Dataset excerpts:
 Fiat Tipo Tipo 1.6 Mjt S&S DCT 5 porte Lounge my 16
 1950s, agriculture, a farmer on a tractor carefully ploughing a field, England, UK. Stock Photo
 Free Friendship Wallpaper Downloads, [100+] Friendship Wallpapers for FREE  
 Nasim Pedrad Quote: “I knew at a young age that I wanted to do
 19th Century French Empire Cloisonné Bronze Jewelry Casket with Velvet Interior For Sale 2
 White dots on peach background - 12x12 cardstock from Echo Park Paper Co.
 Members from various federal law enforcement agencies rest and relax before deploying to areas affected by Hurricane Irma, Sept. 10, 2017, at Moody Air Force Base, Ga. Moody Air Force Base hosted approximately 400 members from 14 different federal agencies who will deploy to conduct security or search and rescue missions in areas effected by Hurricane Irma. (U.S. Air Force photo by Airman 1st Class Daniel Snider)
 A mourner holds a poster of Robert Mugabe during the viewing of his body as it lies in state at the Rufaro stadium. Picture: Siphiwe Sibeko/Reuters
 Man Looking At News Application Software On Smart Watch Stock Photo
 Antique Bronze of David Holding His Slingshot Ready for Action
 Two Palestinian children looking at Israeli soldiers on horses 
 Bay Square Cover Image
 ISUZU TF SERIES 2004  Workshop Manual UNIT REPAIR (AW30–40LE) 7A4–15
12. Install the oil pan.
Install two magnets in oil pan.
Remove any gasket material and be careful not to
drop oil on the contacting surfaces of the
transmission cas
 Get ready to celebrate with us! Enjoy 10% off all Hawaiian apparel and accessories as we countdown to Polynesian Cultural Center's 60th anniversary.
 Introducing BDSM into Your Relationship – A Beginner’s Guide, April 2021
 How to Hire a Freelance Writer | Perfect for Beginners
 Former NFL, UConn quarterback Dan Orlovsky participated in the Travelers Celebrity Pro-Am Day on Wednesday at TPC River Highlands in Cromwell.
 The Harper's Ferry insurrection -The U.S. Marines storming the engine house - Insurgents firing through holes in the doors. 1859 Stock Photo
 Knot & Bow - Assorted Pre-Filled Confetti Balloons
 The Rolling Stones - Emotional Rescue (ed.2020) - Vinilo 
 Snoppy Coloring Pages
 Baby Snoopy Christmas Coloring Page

About this task: In the reply, include exactly the lines from the beginning of the entries above through the line holding "Members from various", and nothing besides.

Reply:
 Fiat Tipo Tipo 1.6 Mjt S&S DCT 5 porte Lounge my 16
 1950s, agriculture, a farmer on a tractor carefully ploughing a field, England, UK. Stock Photo
 Free Friendship Wallpaper Downloads, [100+] Friendship Wallpapers for FREE  
 Nasim Pedrad Quote: “I knew at a young age that I wanted to do
 19th Century French Empire Cloisonné Bronze Jewelry Casket with Velvet Interior For Sale 2
 White dots on peach background - 12x12 cardstock from Echo Park Paper Co.
 Members from various federal law enforcement agencies rest and relax before deploying to areas affected by Hurricane Irma, Sept. 10, 2017, at Moody Air Force Base, Ga. Moody Air Force Base hosted approximately 400 members from 14 different federal agencies who will deploy to conduct security or search and rescue missions in areas effected by Hurricane Irma. (U.S. Air Force photo by Airman 1st Class Daniel Snider)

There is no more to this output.